Comment 5 Richard Su 2012-02-02 04:27:59 UTC
Dave,

Are you still seeing this bug in the latest rpms? I haven't been able to reproduce it on aeolus-conductor-0.8.0-15.el6.noarch or on the version you used.

Tomas has posted a patch to resolve it if it is still happening.

Comment 6 Dave Wilson 2012-02-03 18:04:25 UTC
Created attachment 559335 [details]
Sceenshot-Conductor-0.8.0-19

Comment 7 Dave Wilson 2012-02-03 18:12:17 UTC
In short, yes I'm still seeing an error. The behavior has been modified though. 
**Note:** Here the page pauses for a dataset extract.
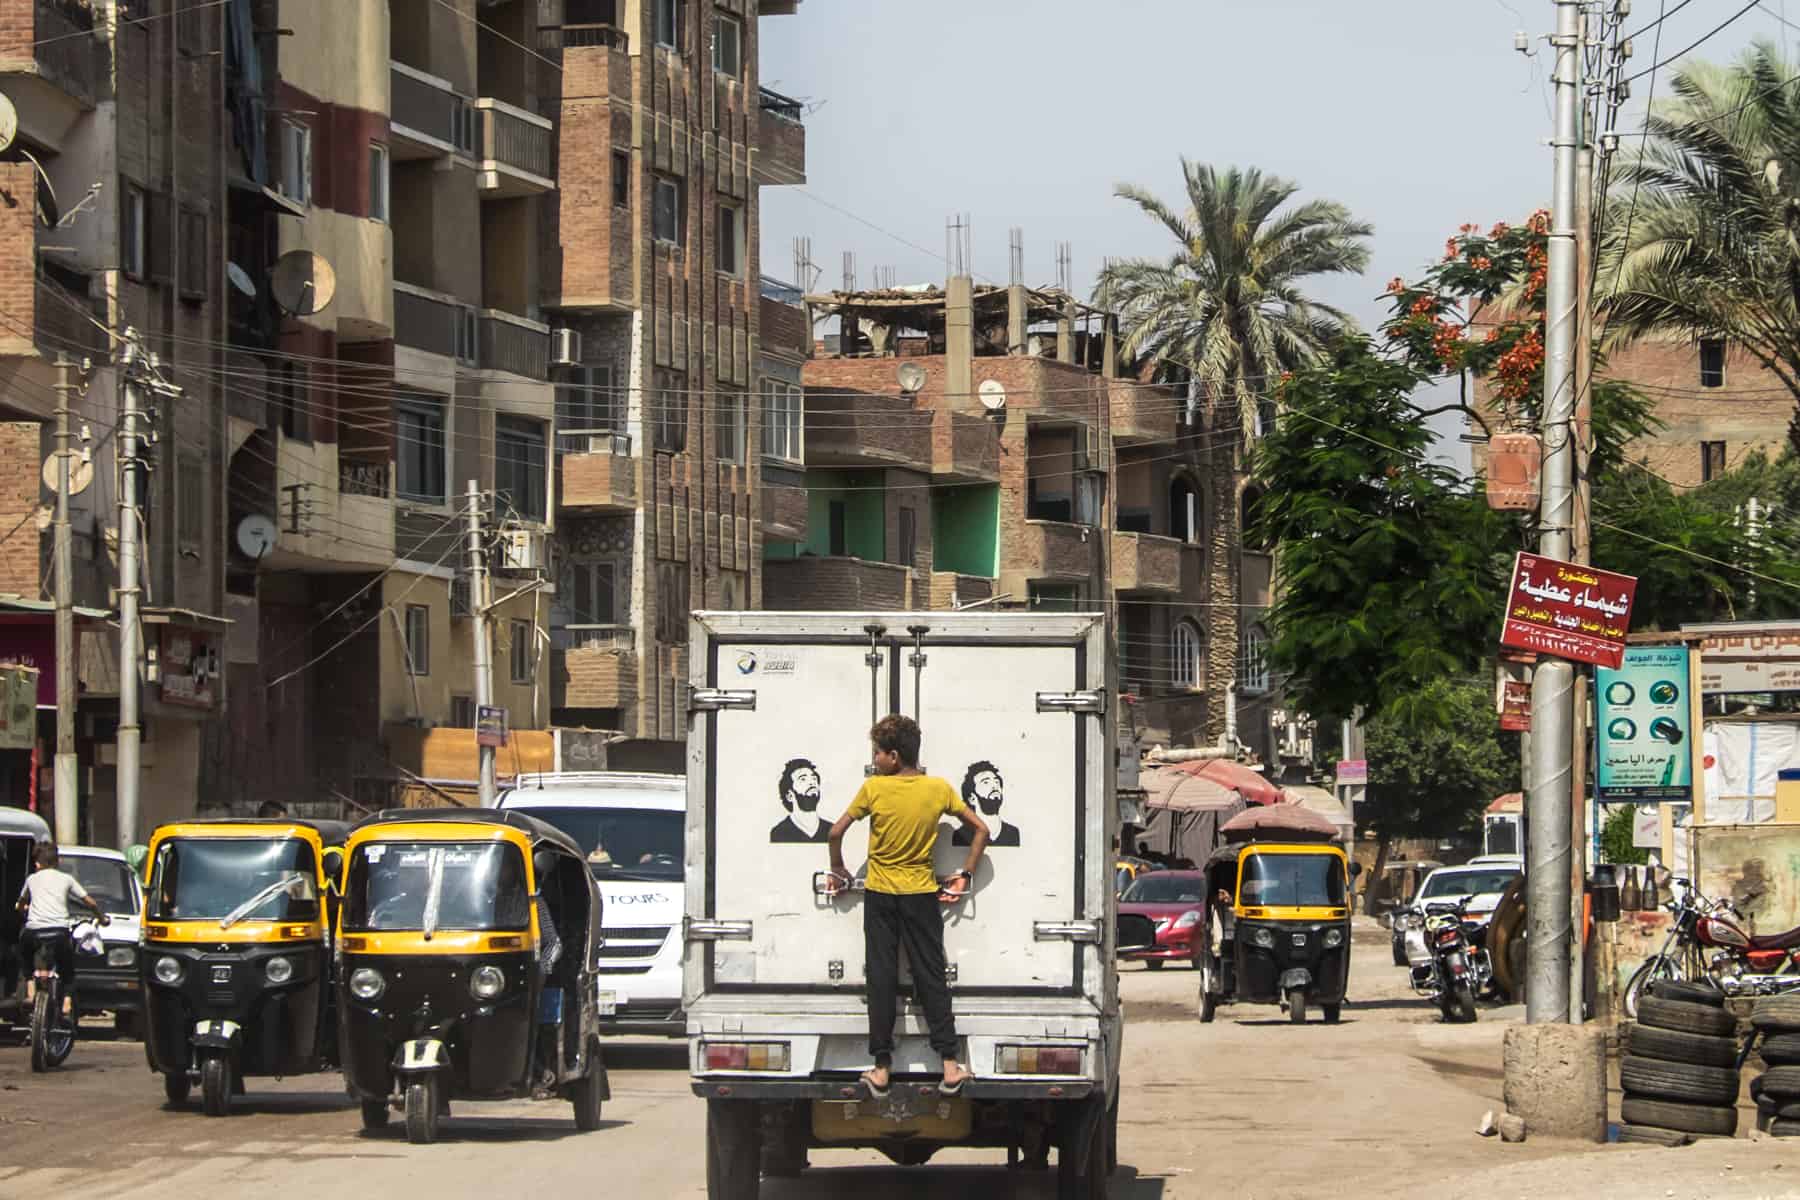 A young boy hangs off the back of a white van in Egypt, a free ride on a busy road. Black and yellow tuk tuks pass the van.

In starting a 50 assembly deployable an error is returned to the UI (see attachment "Sceenshot-Conductor-0.8.0-19"). However, now the state of all the instances in the Conductor UI is "running" and in rhev-m status is "up" as opposed to "pending" and "stopped" respectively in the previously tested release.
So the desired result is achieved but the error returned to the UI needs attention.

current version: aeolus-conductor-0.8.0-19

Comment 8 Dave Wilson 2012-02-06 18:57:15 UTC
Verified that Tomáš Hrčka patch that adds pessimistic database locking for quota to prevent updating with old values fixes the issue described in the bz. 

Verified with launching deployables of 50 and 100 assemblies to rhev-m.

Comment 9 Richard Su 2012-02-06 19:54:03 UTC
Pushed Tomáš's patch.

aeolus-conductor commit d03def71904642a4f22c5a95128430f0faae93fa

Comment 10 Richard Su 2012-02-07 16:58:49 UTC
Fix is in aeolus-conductor-0.8.0-22

Comment 11 Dave Johnson 2012-02-24 17:08:03 UTC
I am still seeing this although it is not displaying errors in the UI now...

I can;t speak for Dave Wilson's experience, perhaps he can do a round of testing and comment with his feedback, but this is all based on the rhevm environment and the amount of resources it has.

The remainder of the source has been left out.